Книга: Во имя Чести и России
Назад: Глава 8
Дальше: Глава 10

Глава 9

Саша Апраксин и раньше был частым гостем у Варвары Григорьевны Никольской, а в последний месяц проводил у нее всякую свободную минут. Минут этих у Саши было в избытке, чего нельзя было сказать о Варваре Григорьевне. Образцовая мать, она старалась как можно больше времени проводить с детьми, обучая их, чему могла, не желая всецело доверять образование любимых чад приходящим учителям.
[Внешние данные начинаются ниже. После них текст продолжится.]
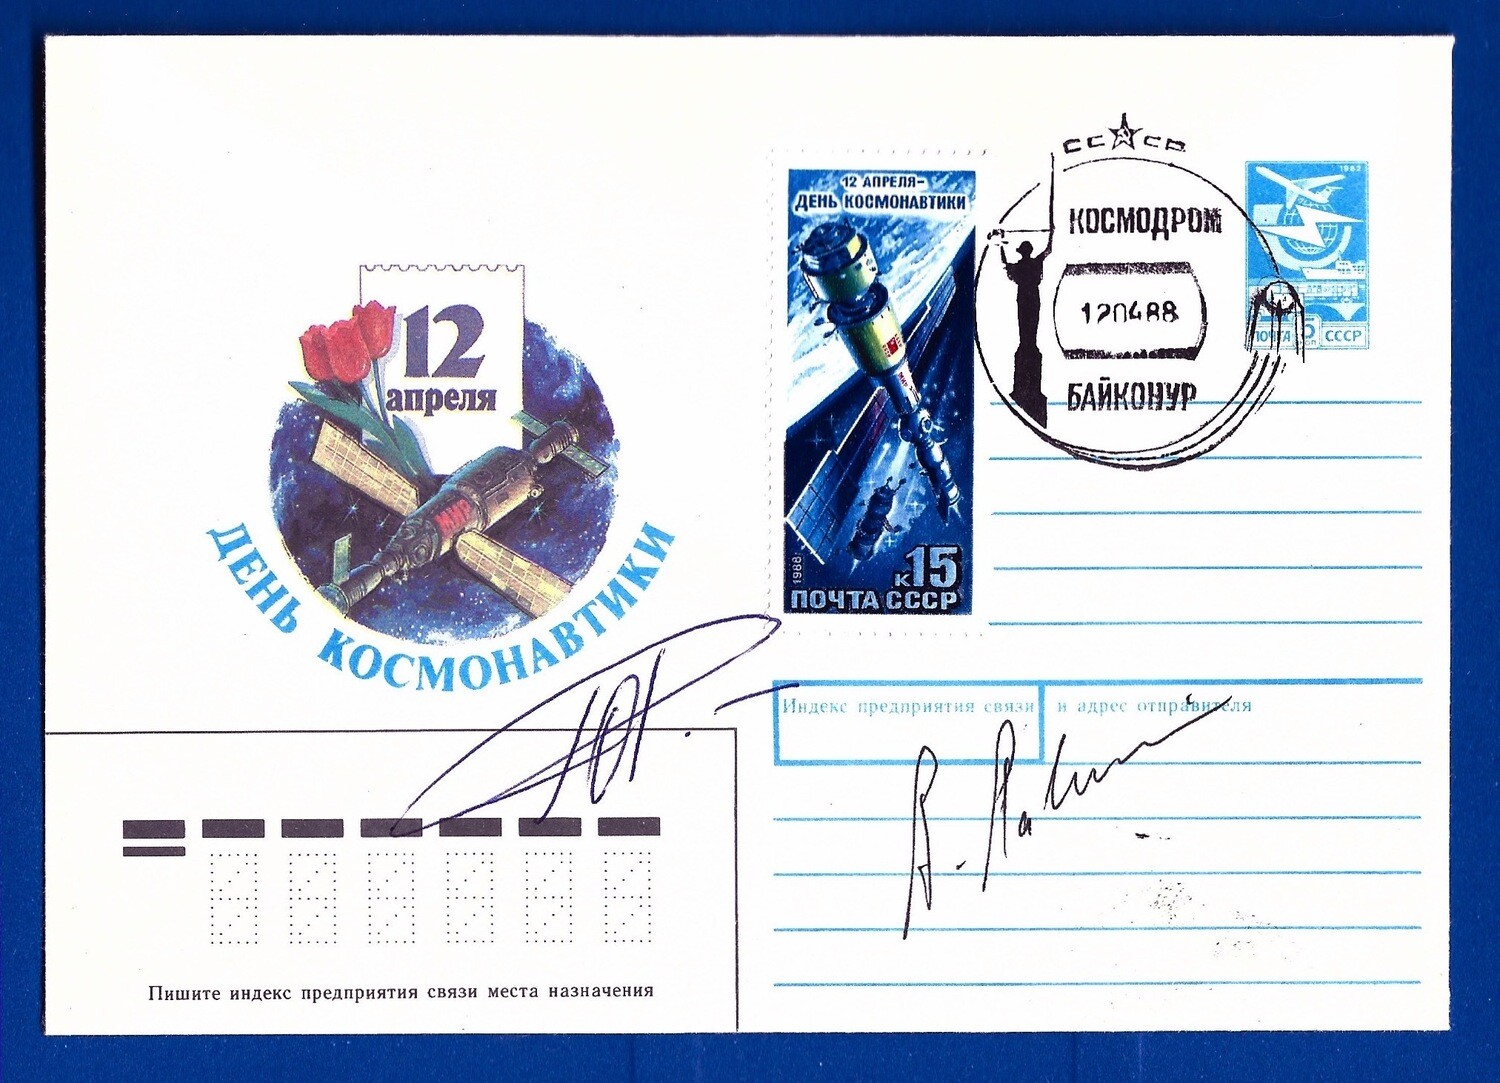 1987 Soyuz TM-2 signed cover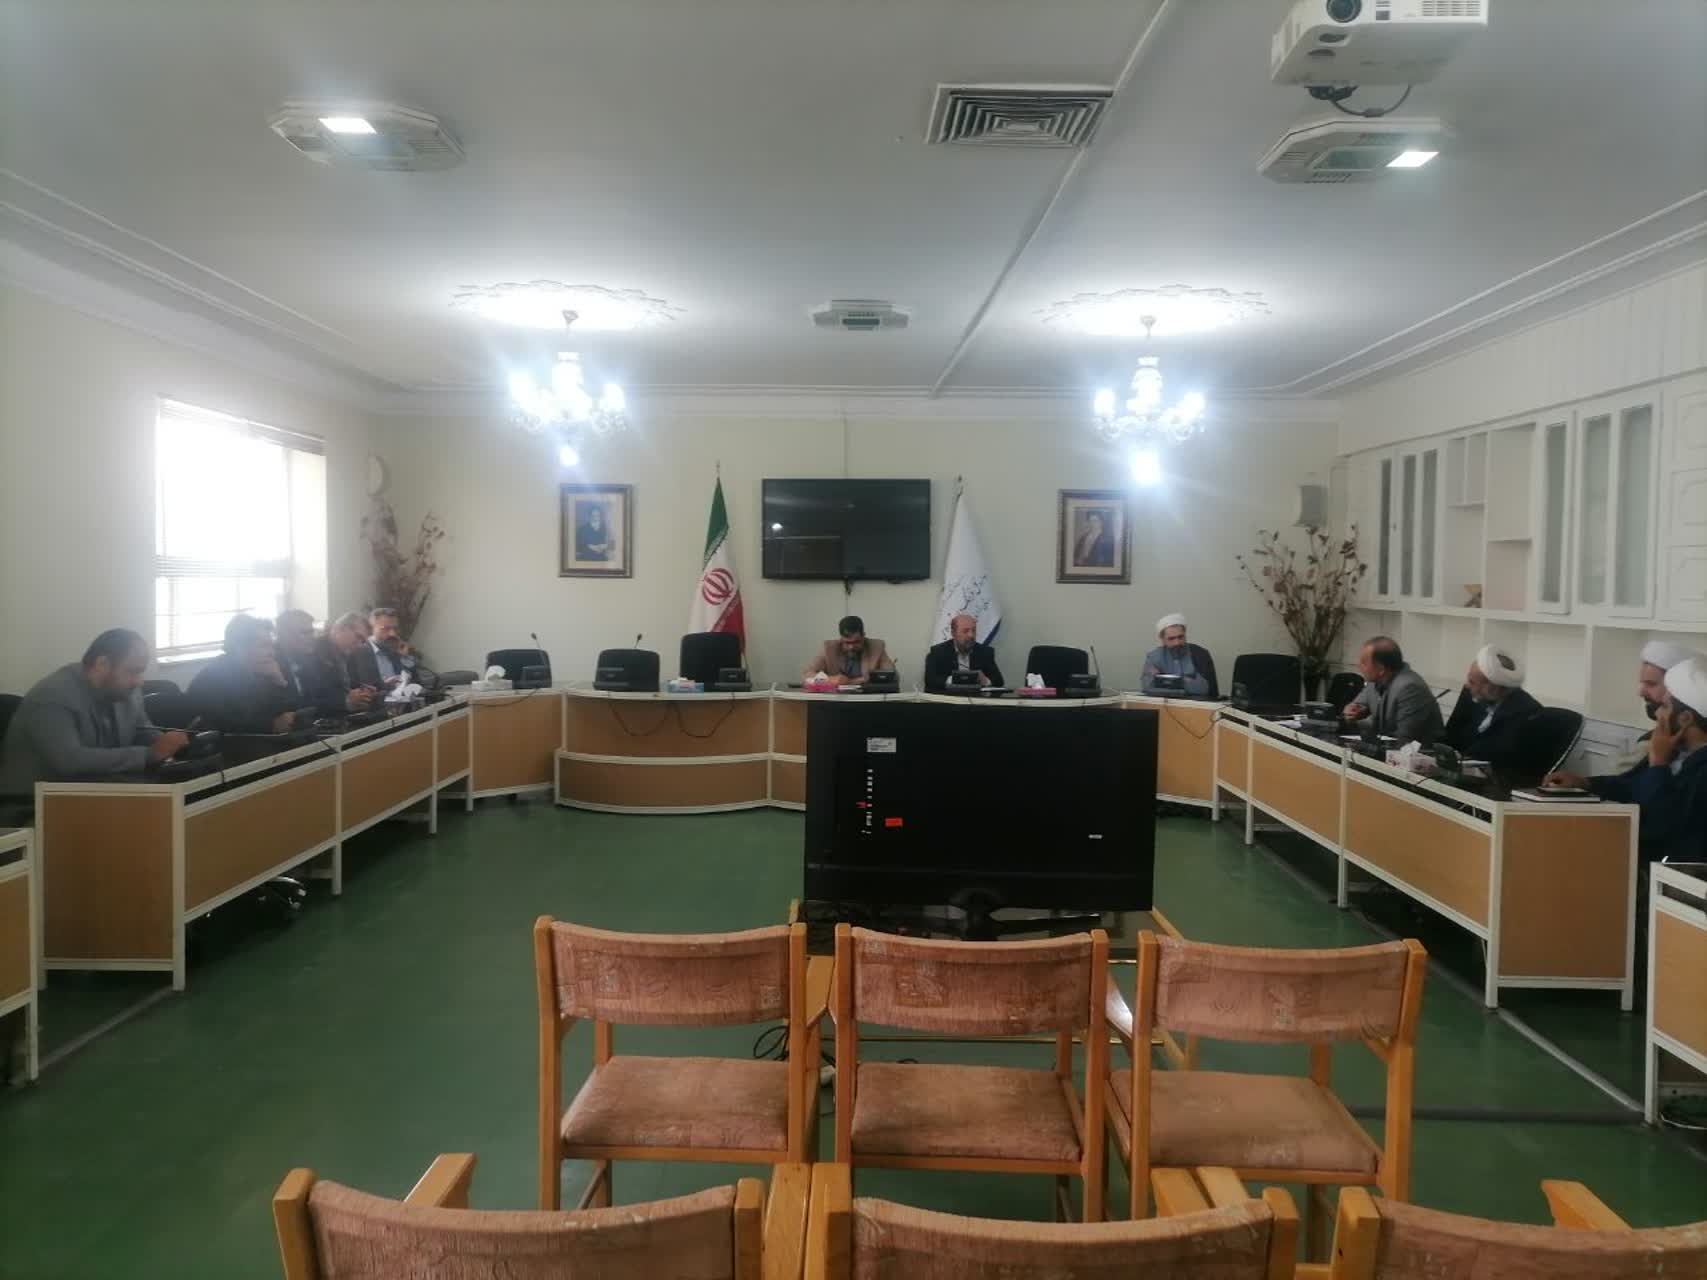 اولین جلسه کمیته، فرهنگی اجتماعی زیارت و خدمات سفر استان خراسان رضوی برگزار شد 

При занятиях с учителями она старалась присутствовать также.
Иногда, впрочем, Саше дозволялось присутствовать на уроках. А иногда он участвовал в детских забавах, на ходу придумывая затейливые сказки и игры, импровизируя на фортепиано. Никольская смеялась, глядя на это веселье:
— Вы, Сашенька, большой ребенок!
Но она и сама превращалась в ребенка в такие часы. Раскрасневшаяся, с весело блестящими глазами — как необычайно хороша была эта женщина! Саша любовался ею, с каждым днем чувствуя все большее влечение к ней. Если раньше он любовался Варварой Григорьевной, как тонкий ценитель античной статуей, то теперь жаждал ее губ, ланит, ее полных, мягких и пряно пахнущих рук…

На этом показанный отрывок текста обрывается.